The wireless sensor network consists of small pieces called nodes which are spread in wide area for sensing the event that occurring in this area. These sensing data is either treated in the same node or transmitted directly to other node or base station for more advanced processing. It is well-known that security side is the most important part for protecting this type of network because WSN is exposing for different type of attacks on : node, key and data.[1].

Security is a critical issue in the ad hoc network. The main two issues in ad hoc network are the authentication and key management [2]. Authentication is the determination and declaration of someone or something need to be involved in different types of matters. At the other hand, the verification of the sender and receiver is required as well. The node authentication and key management processes in the sensor network are considered in this research. Normally, the traditional authentication manners are not sufficient and efficient for wireless sensor network, therefore different research works have been introduced to propose new techniques. S. Raja Rajeswaril and V. Seenivasagam in [3] compared many authentication and key management protocols that concentrated on security in wireless sensor network (WSN). They produced a satisfactory comparison that filled the hunger of researchers. After these comparison, the authors of [4] solved the problem of malicious nodes in WSN network using light weight authentication and key management protocol by symmetric cryptographic primitives with (HMAC).

At the side, key management issue is also considered significantly influence in the scale of security of homogenous WSNs [5]. Based on this principles, the technique manage the generation of keys form adversary, while adversary and authentication have not had any information about the clef by using zero knowledge protocol, presented in [1],and [6]. In this protocol, the nodes observed the neighborhood nodes, then they collected their closets neighbored to obtain the network operation in normal mode.
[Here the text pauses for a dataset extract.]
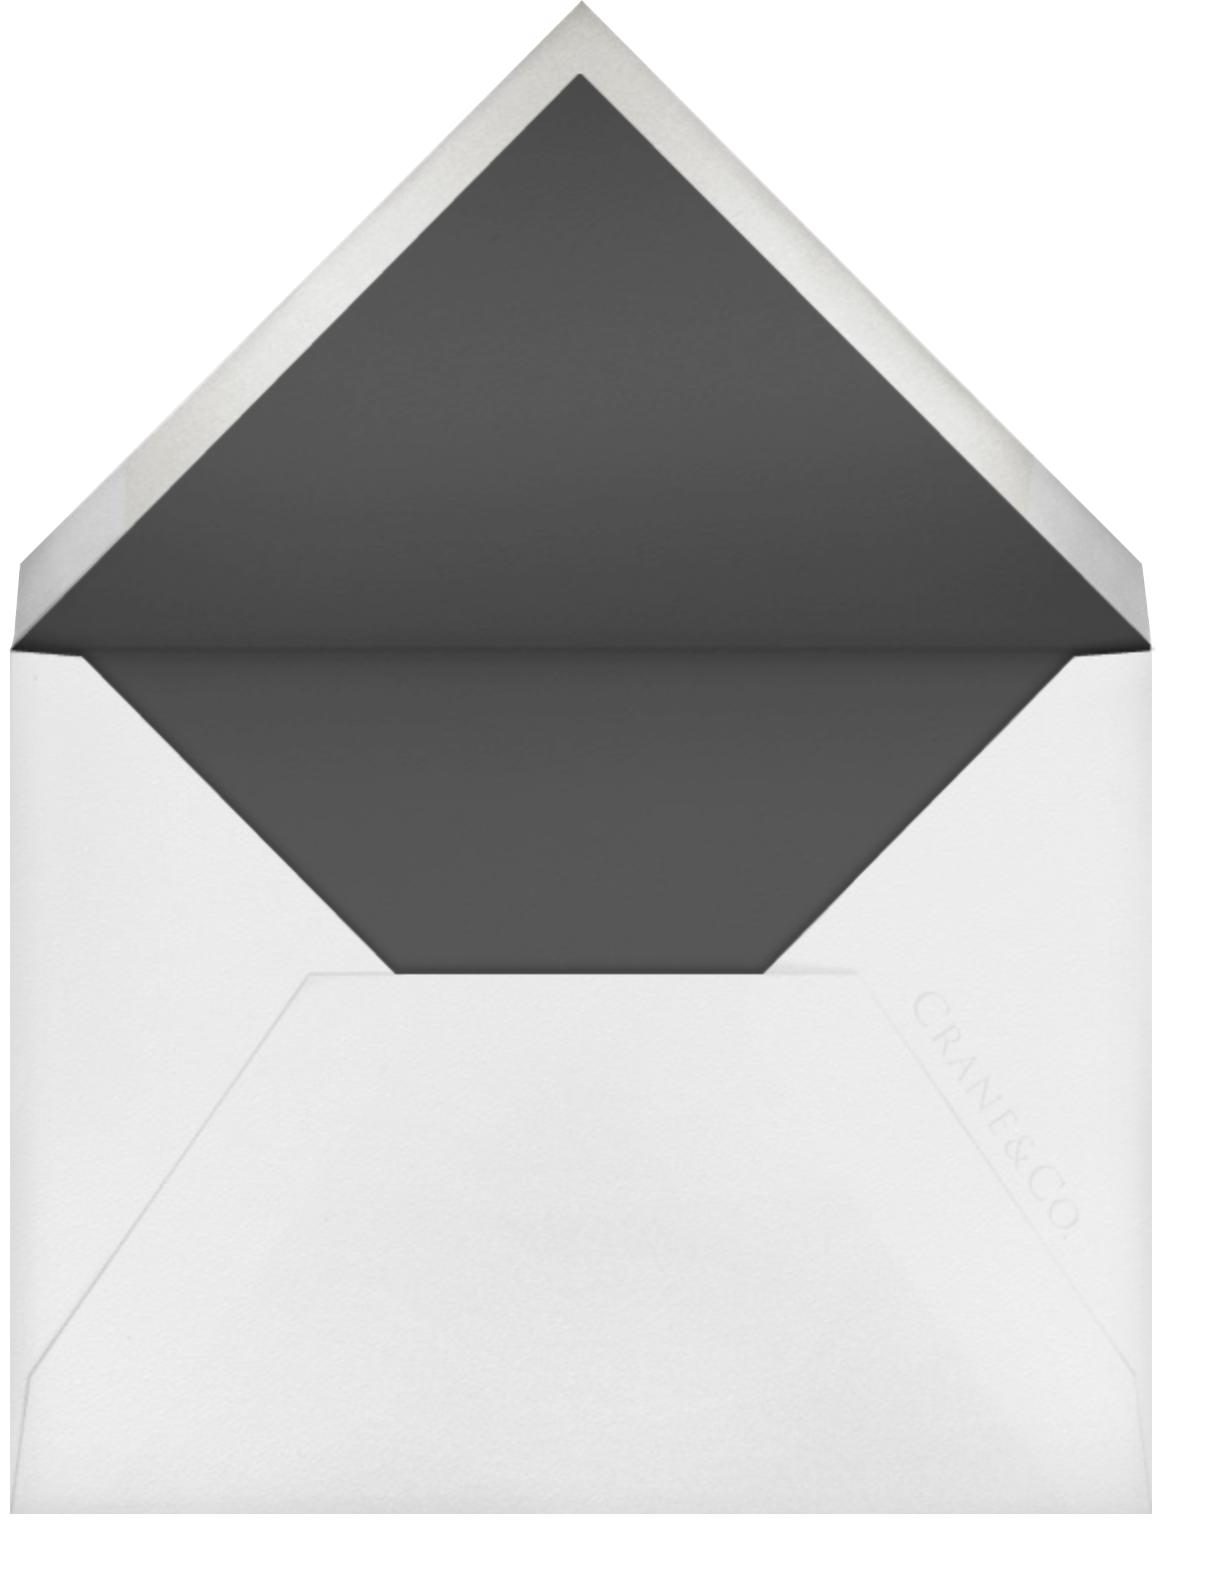 Polka Dot (Horizontal) - Medium Gold - Oscar de la Renta - Envelope

The authors of [9] followed the same procedure, presented in [6], in addition to gathering the statistical information of nodes and sent to base station sporadically. In [8], the authors improved user authentication protocol based on ECC for hierarchical WSN, They showed how ECC is suitable for this structure.
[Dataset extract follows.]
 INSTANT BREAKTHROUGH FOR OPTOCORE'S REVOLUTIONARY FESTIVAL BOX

In this paper, we introduce a development to the adopted lightweight authentication and key management protocol by addressing the methods of Elliptic Curve Cryptography with Diffie-Helman. This is to improve the ability of securing and speed up the process. In addition, a specific simulator has been proposed to adapt with the requirements of lightweight protocol that are hard to address in NS2 and NS3 simulator. This simulator passes through three main phases for authentication of nodes and base-stations and the key management in terms of generation and verification.

2. INTRODUCED SYSTEM

As mentioned above, this research work produced a simulator system that addresses the events of employing the lightweight protocol. This section can be divided into different sub-sections for easing the reading follow.

2.1 BLOCK DIAGRAM

The presented system can be introduced as a block diagram as shown in "Fig. 1". The block diagram divides the introduced system into the following:

A. Base Station Layer:

It contains the base stations and their considered fixed points for gathering and controlling the information grouped form cluster head. This layer plays different roles of monitoring, recording, and managing of the wireless sensor network. Base station can be connected with fixed or mobile sensors.

B. Cluster Head Layer:

This layer includes many numbers of cluster heads that are connected with the related base station from side and with sensors from other side. It represents the communication gateway between the included sensors within the cluster. Each cluster head is selected from the sensor node depending on some criteria such as energy or distance.

C. Sensor Node:

Each sensor node is constructed with memory unit, microcontroller, and battery, used for measuring the parameters of the surrounding environment; there are numerous types of sensors with distinct saving capability, energy consumption and so on.

D. Authentications:

Each sensor node must authenticate itself to network through cluster head in the beginning of initialization of network or through other sensor nodes if after that. Also cluster authentication is generated in the initial network.

2.2 DEVELOPED ALGORITHM

The introduced algorithm of the presented system has been developed. The adopted algorithm is operated under the standards of Lightweight authentication and key management protocol (AKMS). The (AKMS) nominates Hash message authentication code (HMAC) algorithm and Elliptic Curve cryptography Diffie-Helman to authenticate the sensor nodes inside the network [4], "Fig. 2"shows the developed algorithm as a flowchart.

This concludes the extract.